# GIK Acoustics 4A Alpha Panel Giveaway Winners Have Been Selected!



## Todd Anderson (Jul 24, 2009)

Home Theater Shack is happy to announce that two lucky winners have been randomly selected from a pool of nearly 600 entrants in our featured Giveaway promotion run in conjunction with *GIK Acoustics*!

Congratulations to* Michael L. of Oklahoma* and *George S. (HTS member broom1998) of Florida*… both of which have won a box of four (4) *GIK Acoustics 4A Alpha Panels* in standard fabric (value of $380)!










Thanks to everyone that took the time to enter the contest. The entry pool grew to be one of the biggest in HTS history! 

HTS would also like to send a special “thank you” to our great friends at *GIK Acoustics*. The company's new *Alpha Wood Series* is a line of acoustic panels and bass traps with a wood frame and face (23.75" x 23.75" x 4") that beautifully combines absorption with diffusion. The panels feature rigid fiberglass material made from 100-percent recycled materials free from formaldehyde or urea formaldehyde, fabric wrap, and a blonde veneer wood face finish. The wood face is designed for one-dimensional scattering, while allowing for low frequency waves to pass through to the fiberglass panel for low end absorption.

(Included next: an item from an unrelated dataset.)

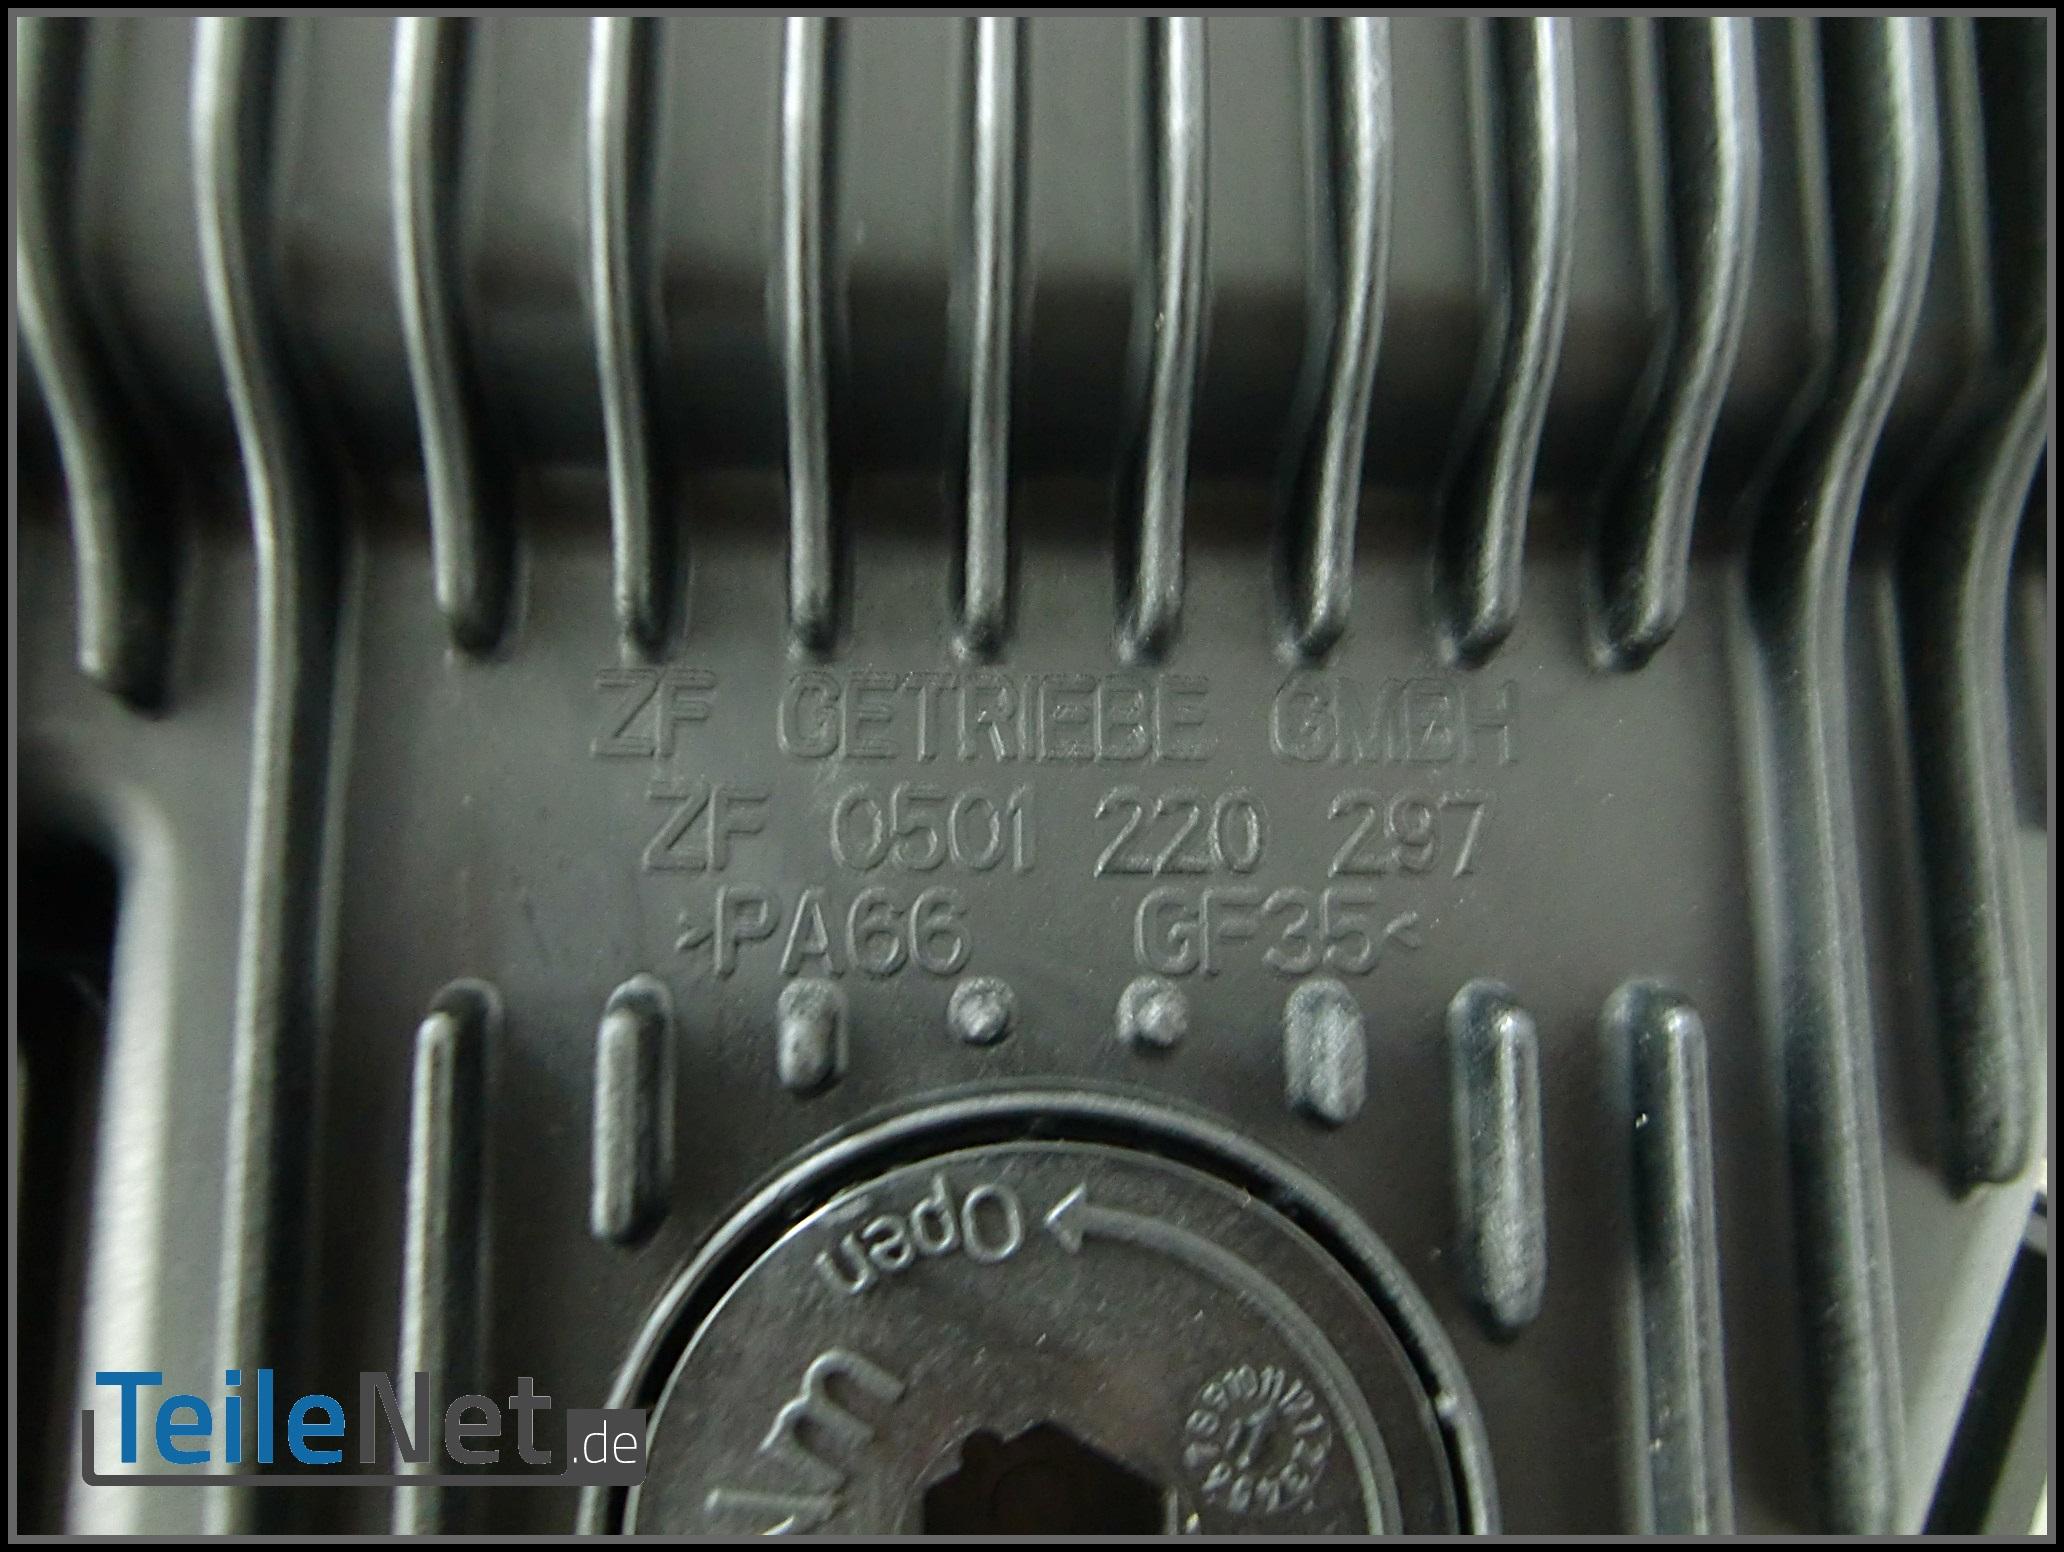 lwanne getriebe bmw original zf automatikgetriebe. Black Bedroom Furniture Sets. Home Design Ideas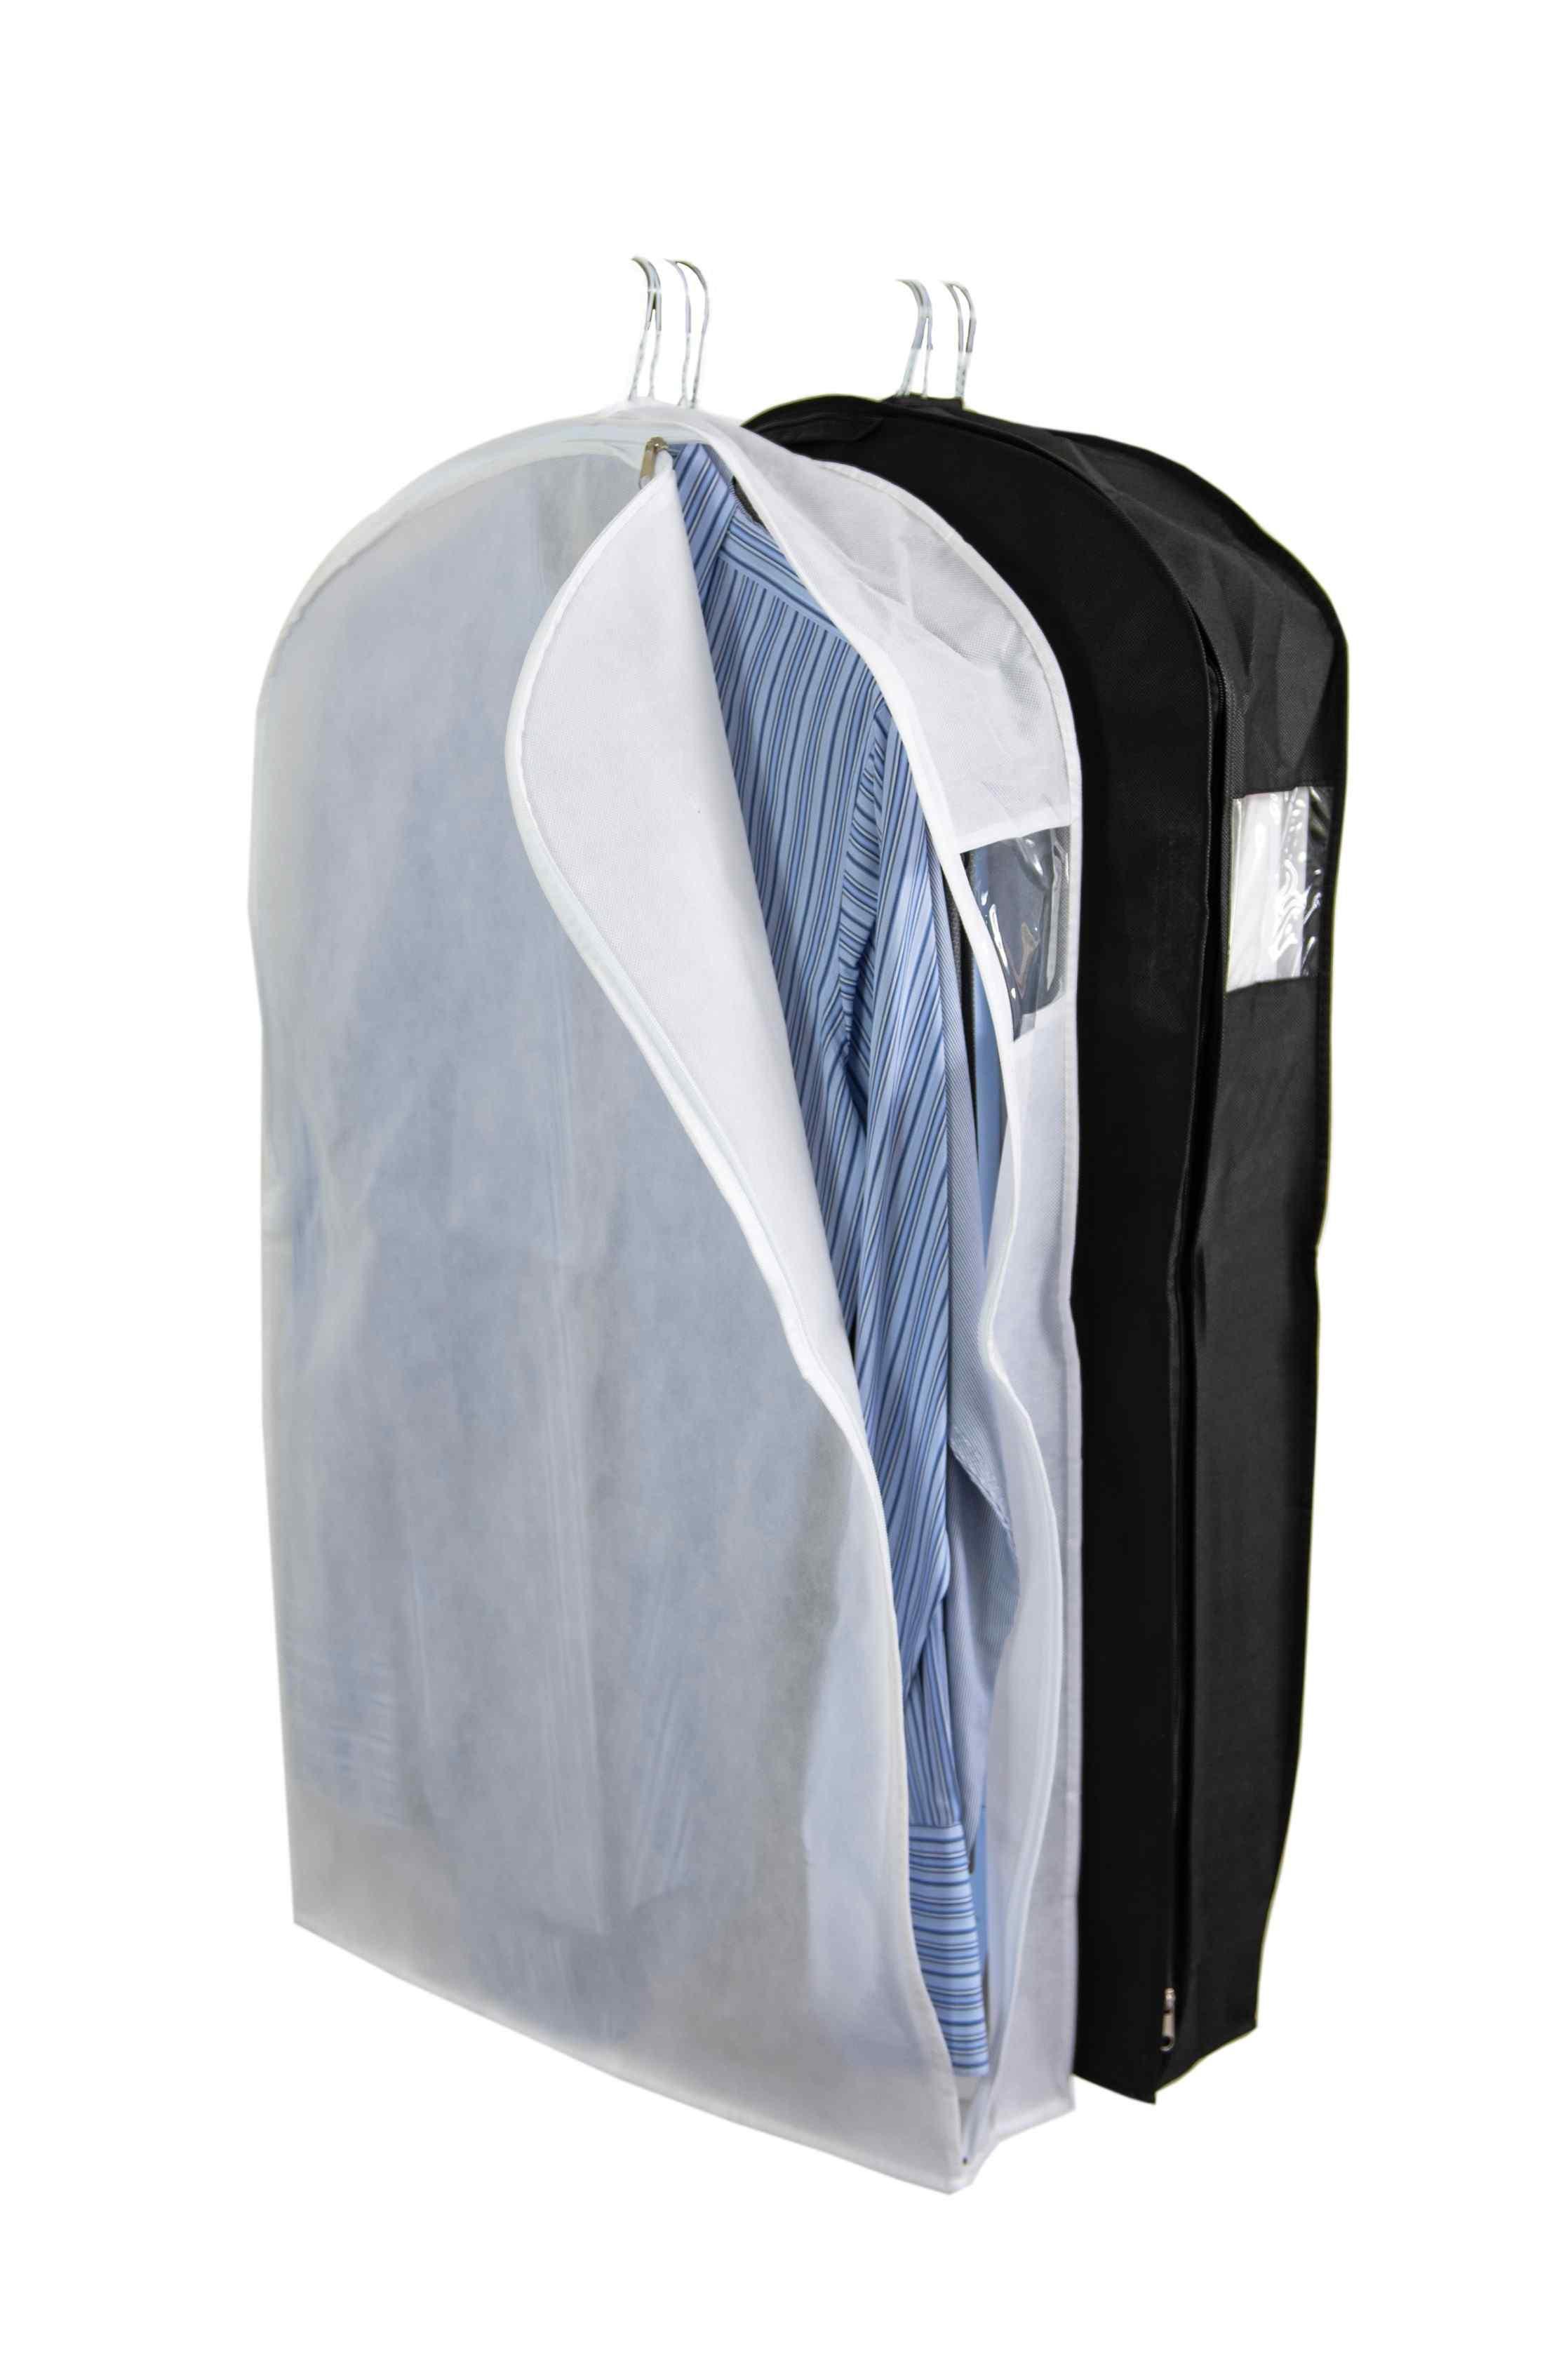 Black Non Woven Shirt Bag Gusseted

We’ve featured information on the *4A Series* in the past and encourage everyone looking for room treatments to head over to *GIK Acoustics* to see what they have to offer! Thanks again to everyone that participated in the contest, we hope to see you on the forum! :T


----------



## blitzdog (Oct 28, 2015)

Congratulations, Micheal and George!


----------



## NBPk402 (Feb 21, 2012)

Congratulations Michael, and George!


----------



## Tonto (Jun 30, 2007)

Congrads guys, and welcome to the winners club!!!:smile:


----------



## broom1998 (Aug 28, 2012)

Don't really like posting, but really enjoy the info on Home Theater Shack. So I felt that I needed to stop in and thank GIK Acoustics and Home theater Shack for the prize. 

PS hope there can be another audio show in FL. soon


----------



## mlundy57 (May 21, 2013)

Thanks everybody. I'd also like to thank GIK and everybody here on HTS that made this giveaway possible.

The folks at GIK have been great to work with. The panels arrived this evening. I haven't had a chance to do more than open the box and look at them. They look really nice. 

I'm going to be taking the folks at GIK up on their offer of advice on how to best place them in my room. 

They did mention something about the beginning of an addiction ...

Thanks again

Mike


----------



## Lumen (May 17, 2014)

Happy for your win! Please keep us posted on your progress with implementing GIK's excellent acoustic treatments.


----------



## pharoah (Jul 21, 2012)

congrats folks!ive had some gik panels.for a few years now,and love em.


----------